3-Hydroxylysine, a potential marker for studying radical-induced protein oxidation
Morin, Eedicte,Bubb, William A.,Davies, Michael J.,Dean, Roger T.,Fu, Shanlin
, p. 1265 - 1273 (2007/10/03)
γ-Irradiation of several amino acids (Val, Leu, Ile, Lys, Pro, and Glu) in the presence of O2 generates hydroperoxides. We have previously isolated and characterized valine and leucine hydroperoxides, and hydroxides, and have detected these products in both isolated systems [e.g., bovine serum albumin (BSA) and human low-density lipoprotein (LDL)] and diseased human tissues (atherosclerotic plaques and lens cataractous proteins). This work was aimed at investigating oxidized lysine as a sensitive marker for protein oxidation, as such residues are present on protein surfaces, and are therefore likely to be particularly susceptible to oxidation by radicals in bulk solution. HO°attack on lysine in the presence of oxygen, followed by NaBH4 reduction, is shown to give rise to (2S)-3-hydroxylysine [(2S)-2,6-diamino-3- hydroxyhexanoic acid], (2S)-4-hydroxylysine [(2S)-2,6-diamino-4- hydroxyhexanoic acid], (2S,5R)5-hydroxylysine [(2S,5R)-2,6-diamino-5- hydroxyhexanoic acid], and (2S,5S)-5-hydroxylysine [(2S,5S)-2,6-diamino-5- hydroxyhexanoic acid]. 5-Hydroxylysines are natural products formed by lysyl oxidase and are therefore not good markers of radical-mediated oxidation.

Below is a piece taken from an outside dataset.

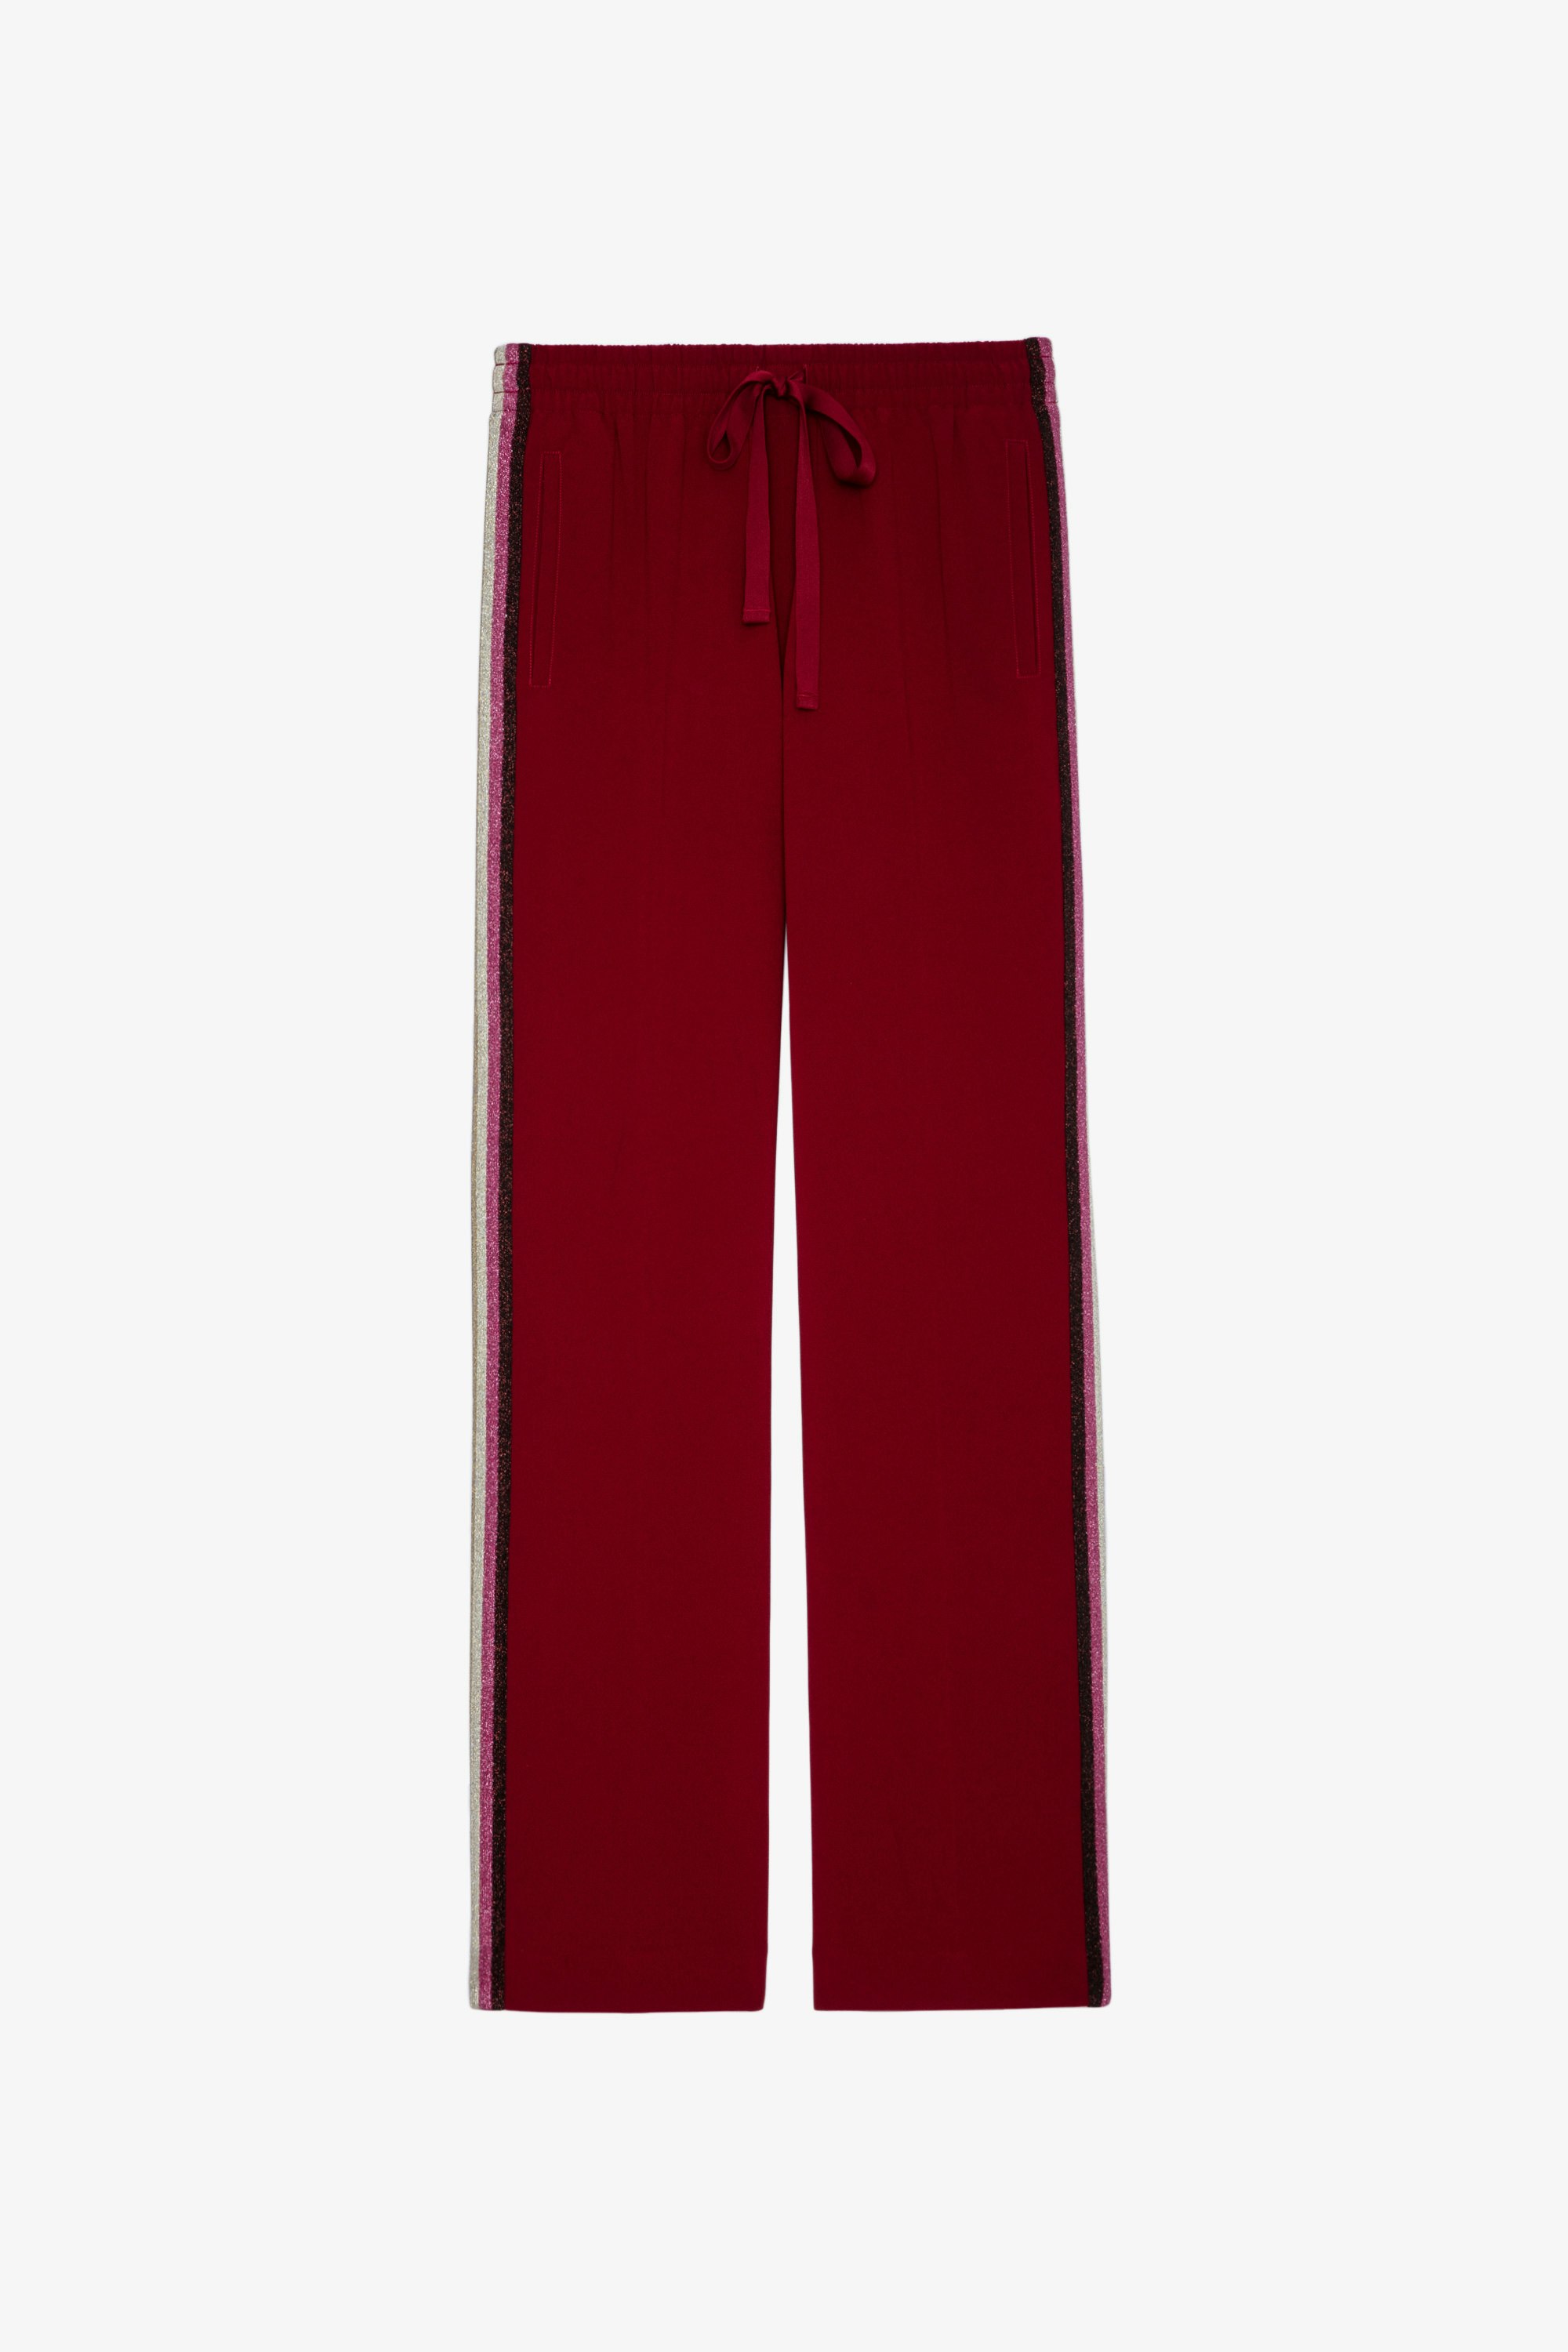 Pantalón Pomy Pantalón con bandas laterales de colores y lentejuelas para mujer

The other hydroxylysines are however useful markers, with HPLC analysis of 9- fluorenylmethyl chloroformate (FMOC) derivatives providing a sensitive and accurate method for quantitative measurement. Hydroxylysines have been detected in the hydrolysates of peptides (Gly-Lys-Gly and Lys-Val-Ile-Leu- Phe) and proteins (BSA and histone H1) exposed to HO°/O2, and subsequently treated with NaBH4. Quantification of the hydroxylysines yields, and comparison with hydroxyvalines and hydroxyleucines, supports the hypothesis that surface residues give higher yields of oxidized products than the hydrophobic leucines and valines, at least with globular proteins such as BSA. Hydroxylysines, and particularly 3-hydroxylysine, may therefore be sensitive and useful markers of radical-mediated protein oxidation in biological systems.